In 1996, he moved to Los Angeles where he has been busy working in the American entertainment industry. In 2021 he joined the house band of the French Edition of The Voice The Voice (French TV series) and divides his time between the U.S. and France.

==Career==

- Session musician
Kamil Rustam made himself famous for being able to play whatever style required and quickly became one of the most sought-after session guitarists in France in the 1980s and 1990s, earning him 2 nominations for Best Session Musician at the 1986 and 1987 "Les Victoires De La Musique".

- Producing / arranging career
Kamil Rustam started his producing career when schoolmate Patrick Bruel asked him in 1984 to produce his first single "Marre de cette nana-là" which sold over a million copies. He then produced numerous albums for best-selling French artists like Florent Pagny, Patricia Kaas and Phil Barney, and eventually got awarded Best Producer at the 1985 "Les Victoires De La Musique" for Michel Jonasz's album Unis vers l'uni.

- Band Preface

From 1985 to 1988 Kamil Rustam was full-time member of the band Preface. The band included Manu Katché on drums and lead vocal.

== Cosmopolitain ==

Kamil Rustam released his debut album, Cosmopolitain, on October 20, 2017. The album contains instrumental compositions written in collaboration with keyboardist Arnaud Dunoyer, as well as an updated arrangement of Squeeze's 1981 hit song 'Tempted'. The album mostly maintains its sound, style and structures within a jazz fusion vein, yet Rustam exhibits his vast knowledge of various musical genres throughout.
Contributors to the album include notable session musicians such as keyboardist Randy Kerber, acoustic bassists Mike Valerio, Laurent Vernerey and Tim Lefebvre, electric bassists Hadrien Feraud and Richard Bona, plus drummers Manu Katche, Vinnie Colaiuta and Peter Erskine. The album also includes guest appearances by soloists such as Bob Reynolds on sax, Mike Cottone on trumpet, Marc Berthoumieux on accordion and Philippe Saisse on vibraphone.

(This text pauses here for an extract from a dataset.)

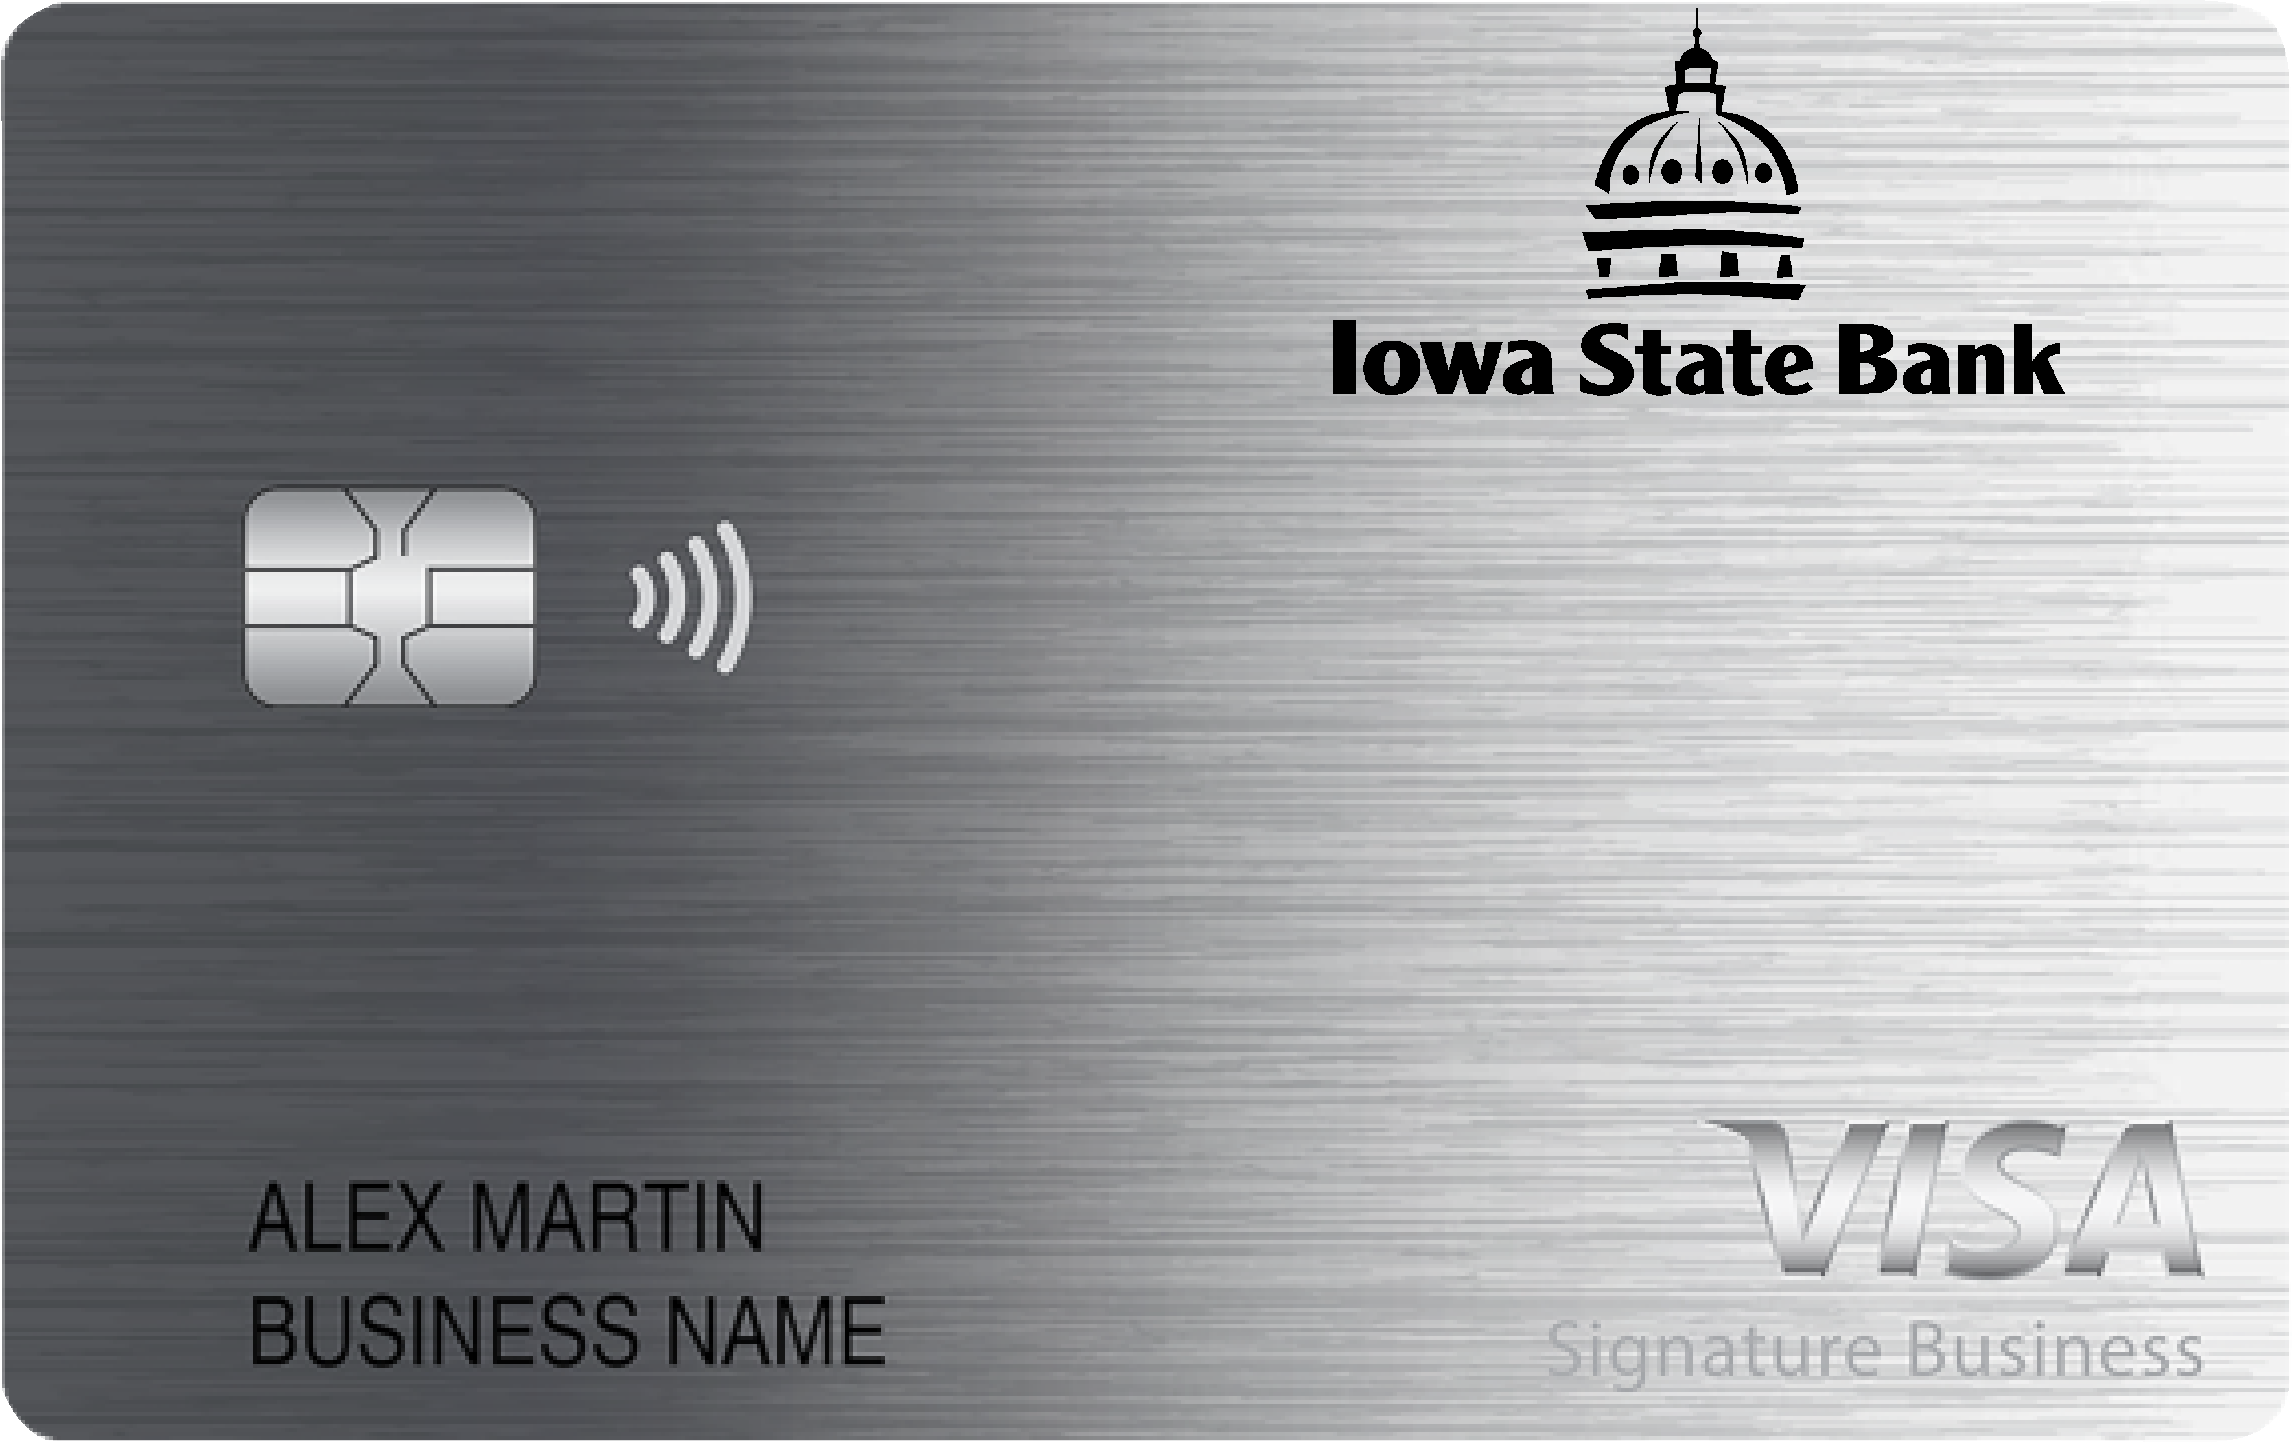 Iowa State Bank Smart Business Rewards Card

Rustam had previously recorded with legendary saxophonist Michael Brecker back in 1997 and the track 'New Amsterdam' had been rerecorded around Brecker's inspired and melodic soloing, ten years after his untimely passing.

The lead track 'Sand Dunes' had been made available in video form prior to the official release and has accumulated over one hundred thousand views since April 2017.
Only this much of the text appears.